‘What we do in life echoes in eternity’ – Glory and Consequence in RPGs

The biggest features of The Elder Scrolls V: Skyrim are the vastness and detail of its world, Tamriel. Six months after pirating buying my own copy, I continue to stumble upon rich, self-contained stories on the path less traveledThe appeal in Mass Effect however is in the possibilities always in front of me. On any one day, I can choose to either punch reporters in the face or invite them to my cabin. The game invites me to search out Easter Eggs through conversation, interaction, and exploration.

Yet as with Schrödinger’s Cat, or Robert Frost’s own less traveled path, searching out each possibility voids all others.

To replay Mass Effect is to explore parallel worlds. Having played ‘paragon Shepard’ before embarking on ‘evil Shepard’, I was acutely aware of the variety of choices before me, and the importance of many of those choices. Their consequences echo forwards in time – through Shepard, I subtly shape the world around me. My squad mates, or their absence, remind me in their poignant and affirming ways of when I have either frakked up or done well.
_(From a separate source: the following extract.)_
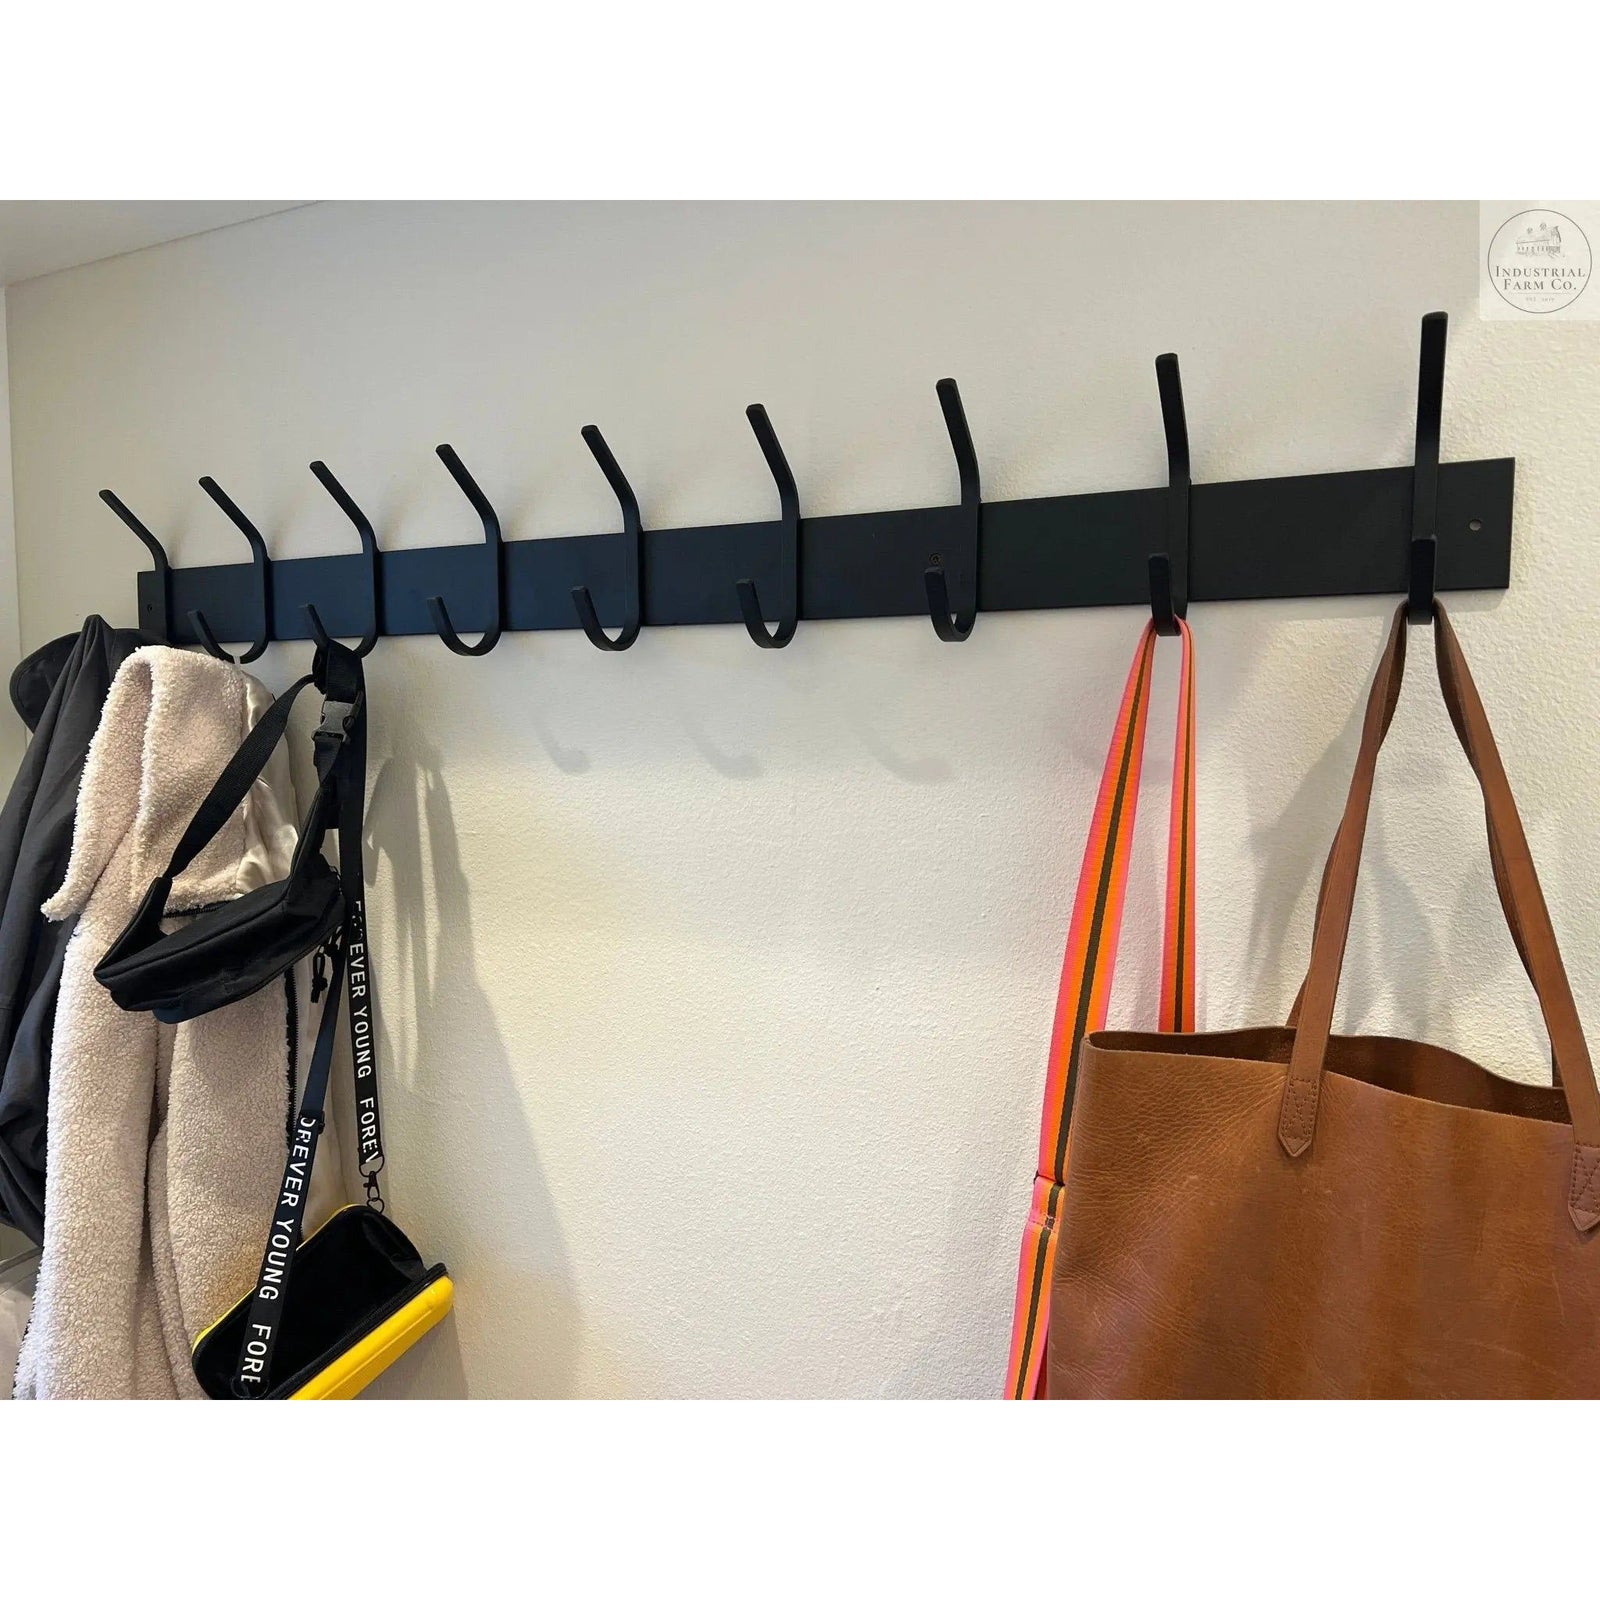 Shop Coat Racks, Hooks, and Hangers for Schools

In one scene Tali, intoxicated, describes (like many of the other characters) how the legacy of her parents haunt her. Yet I could easily rant to her about my own haunting, as I endlessly question the choices I made in previous games. Should I have let Ashley or Kaidan die in the first game? What would have happened had I let Morinth kill her mother, Samara, in the second game? If I had have told Kelly Chambers to change her identity in the third game, would she still be alive?

All too often in real life, I find myself feeling like the river of fate is carrying me along with it: while I can shift a bit to the left or to the right of centre, ultimately I am still at the mercy of the flow. Seeing the repercussions of my choices in the controlled environment of an RPG helps me appreciate the power of causation; the choices that I make do matter. They are one out of many – and I do own my life.

As Maximus Meridius remarks, ‘What we do in life echoes in eternity.’